Generative artificial intelligence has catalyzed a historic reallocation of capital across the tech sector, with OpenAI sitting firmly at the center of the boom. As the company’s valuation skyrockets into the hundreds of billions, eager investors are actively searching for ways to add the ChatGPT creator to their portfolios. Navigating the current investment landscape requires understanding the firm's complex private ownership structure, the timeline for its inevitable public market debut, and the strategic partnerships offering indirect exposure today.

No, OpenAI is a privately held company and does not trade on the Nasdaq, the New York Stock Exchange, or any other public market. Investors frequently ask what the OpenAI ticker symbol is, but the reality is that one does not exist yet. Retail investors cannot log into a standard brokerage account to buy shares, and there is no official OpenAI stock code or publicly quoted OpenAI stock price available to the general public. Currently, equity in the company changes hands exclusively through private secondary markets restricted to institutional and accredited investors.
OpenAI remains private because it has successfully secured hundreds of billions in private capital, eliminating the immediate financial pressure that usually forces tech startups to seek public market liquidity. Through continuous private funding rounds—culminating in a staggering $852 billion valuation in early 2026—the company has financed its massive compute and talent costs strictly through corporate partnerships and institutional venture capital.
This access to near-unlimited private funding allows the company to avoid Wall Street's relentless quarterly earnings demands and public regulatory scrutiny. CEO Sam Altman has been vocal about his reluctance to go public, stating in late 2025 that he was "0% excited" to be a public company CEO and describing the prospect of managing public shareholders as "really annoying."
Despite this executive hesitation, the sheer scale of the company's equity distribution means an OpenAI IPO is a mathematical and legal inevitability. Private market shareholder limits, combined with the need to provide liquidity for early investors and thousands of employees, are forcing the issue.
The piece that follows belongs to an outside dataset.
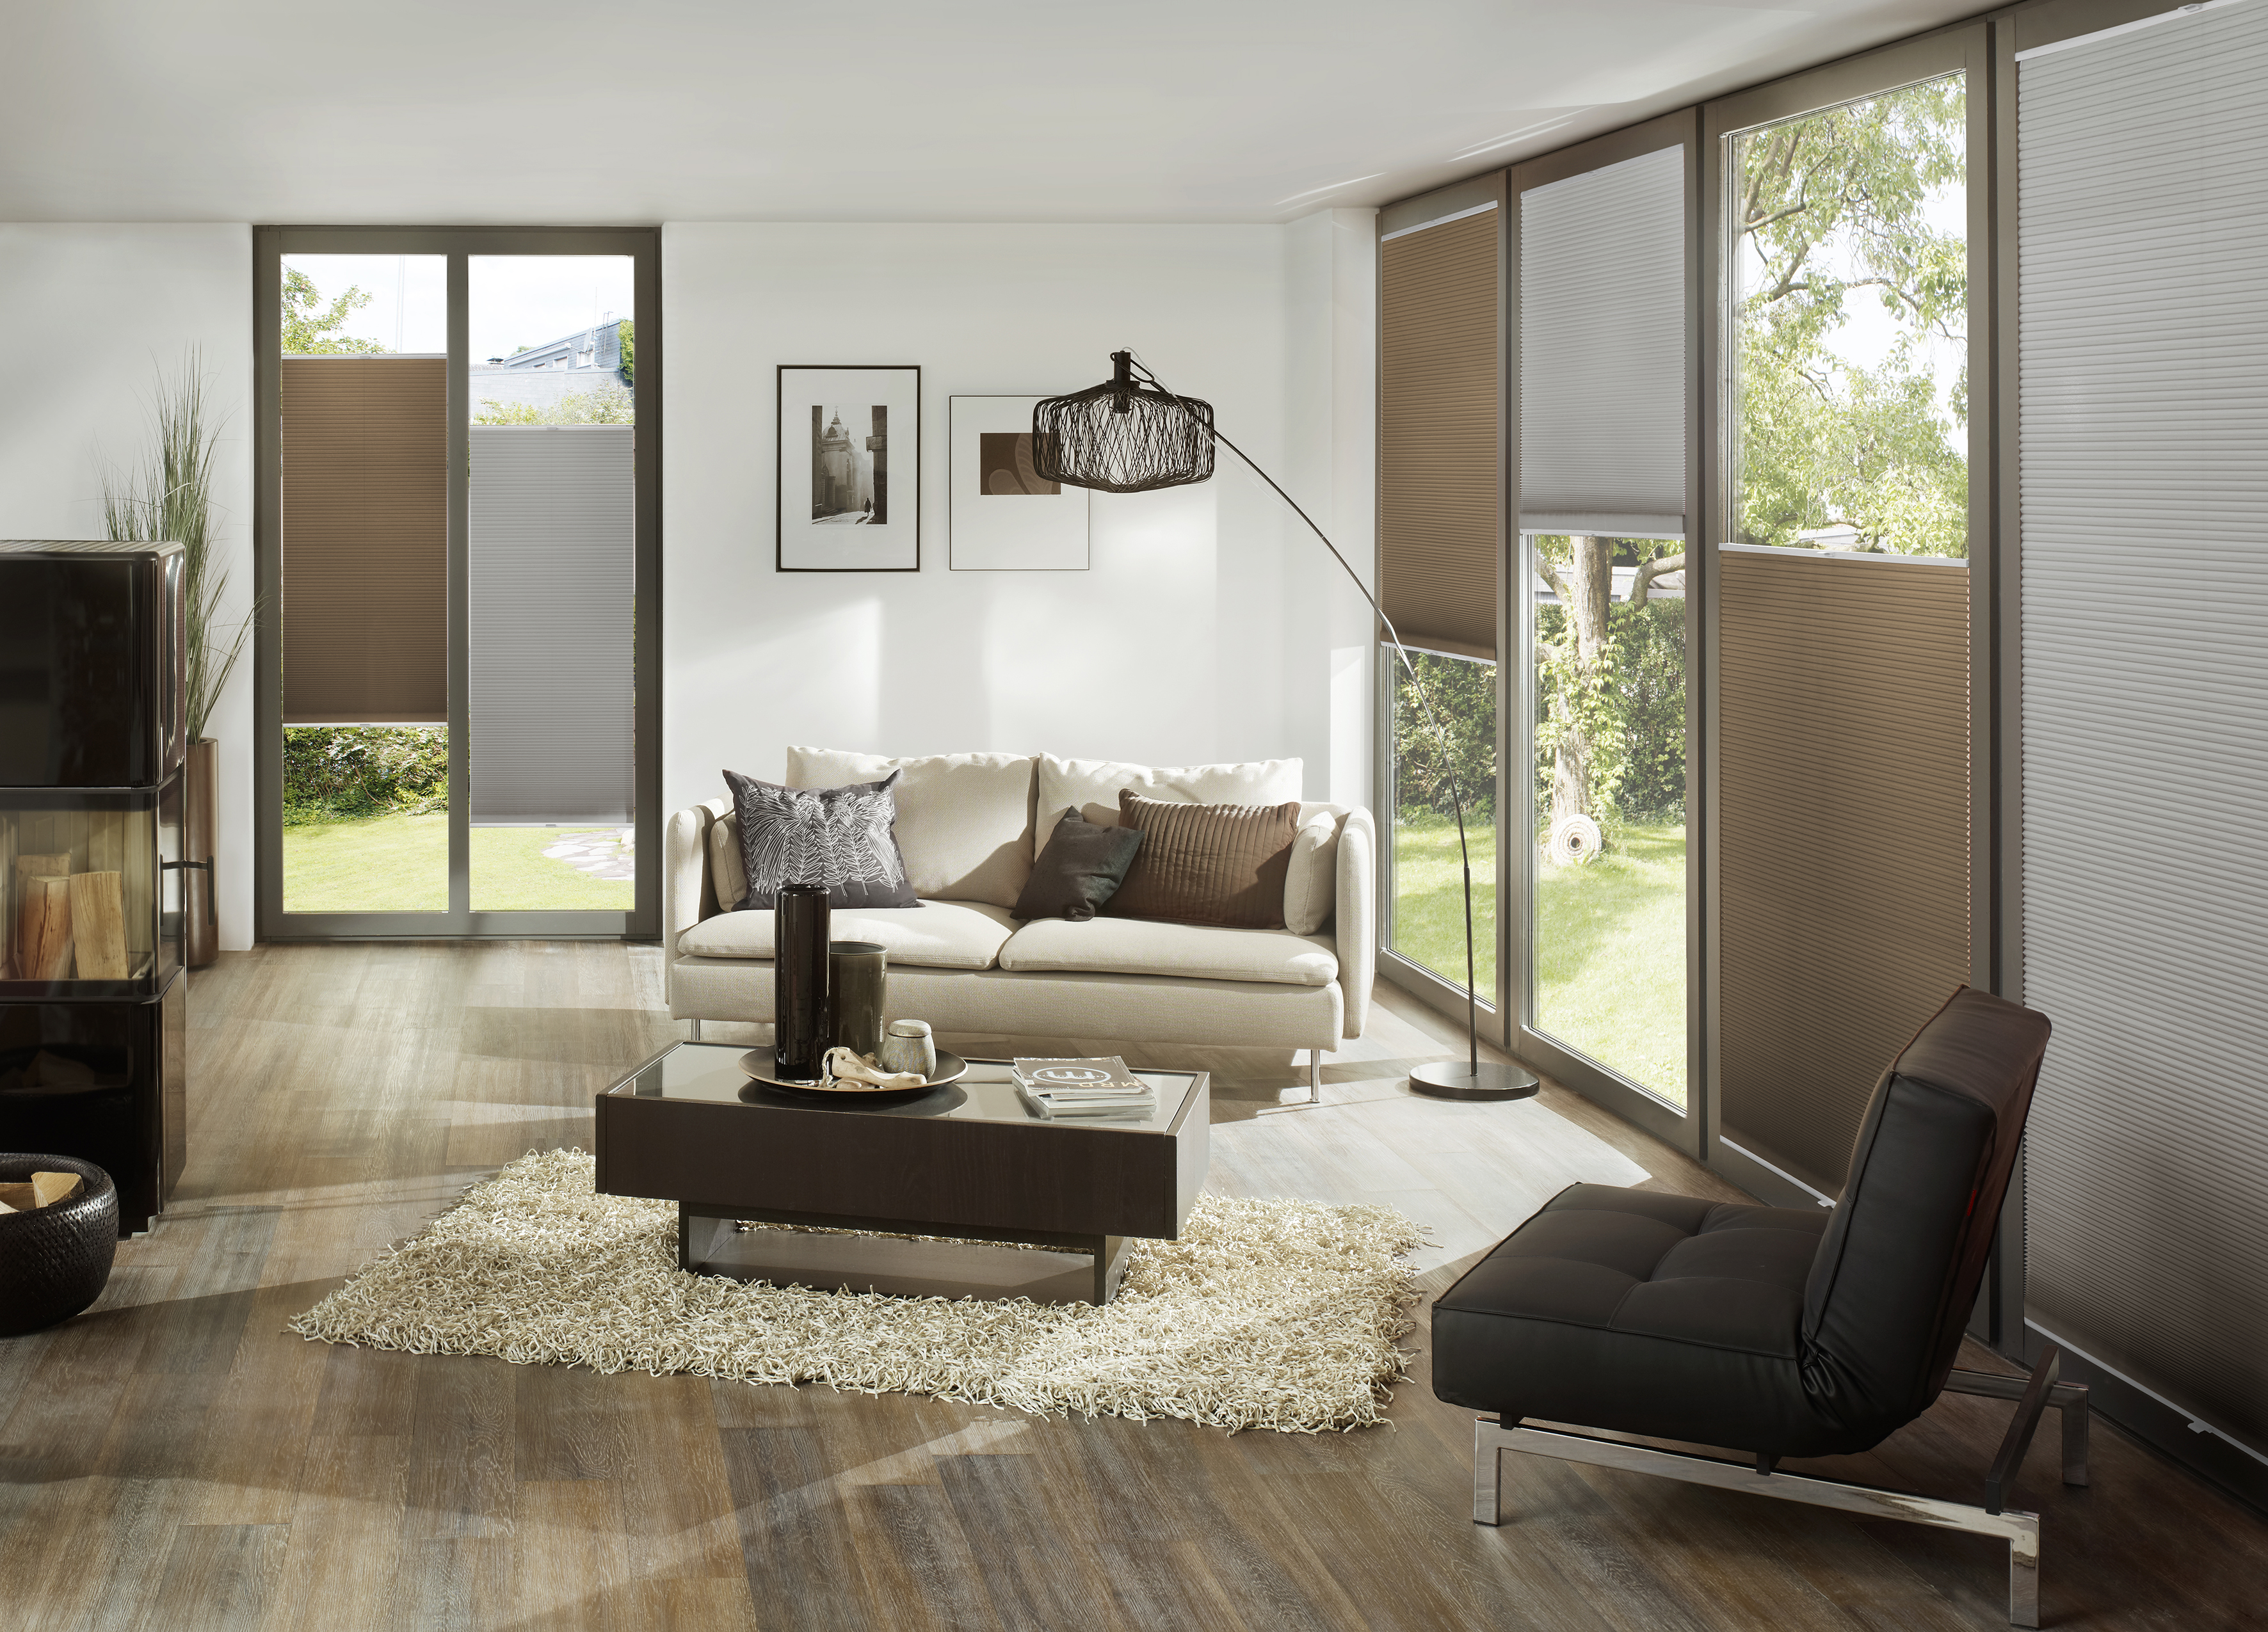 sonnenschutz sonnensegel h ring raumgestaltung leipzig. Black Bedroom Furniture Sets. Home Design Ideas

Aligning with internal timelines, financial analysts note the company has prepared paperwork with banks like Goldman Sachs and Morgan Stanley for a potential filing targeting a late 2026 public offering. Until that offering materializes, investors searching for pure-play AI stock tickers must look toward OpenAI's publicly traded hardware and cloud partners rather than the AI lab itself.
Following a highly scrutinized corporate restructuring in October 2025, OpenAI transitioned from a non-profit-controlled "capped-profit" entity into a Public Benefit Corporation (PBC). This legal conversion allowed the firm to issue conventional equity and eliminate arbitrary caps on investor returns, triggering a dramatic upward shift in its OpenAI valuation history.
Today, OpenAI's cap table is overwhelmingly dominated by corporate balance sheets rather than traditional Sand Hill Road venture capitalists. The current equity distribution reflects the immense capital required to sustain operations, especially as OpenAI revenue reached an unprecedented $5.7 billion in the first quarter of 2026 alone.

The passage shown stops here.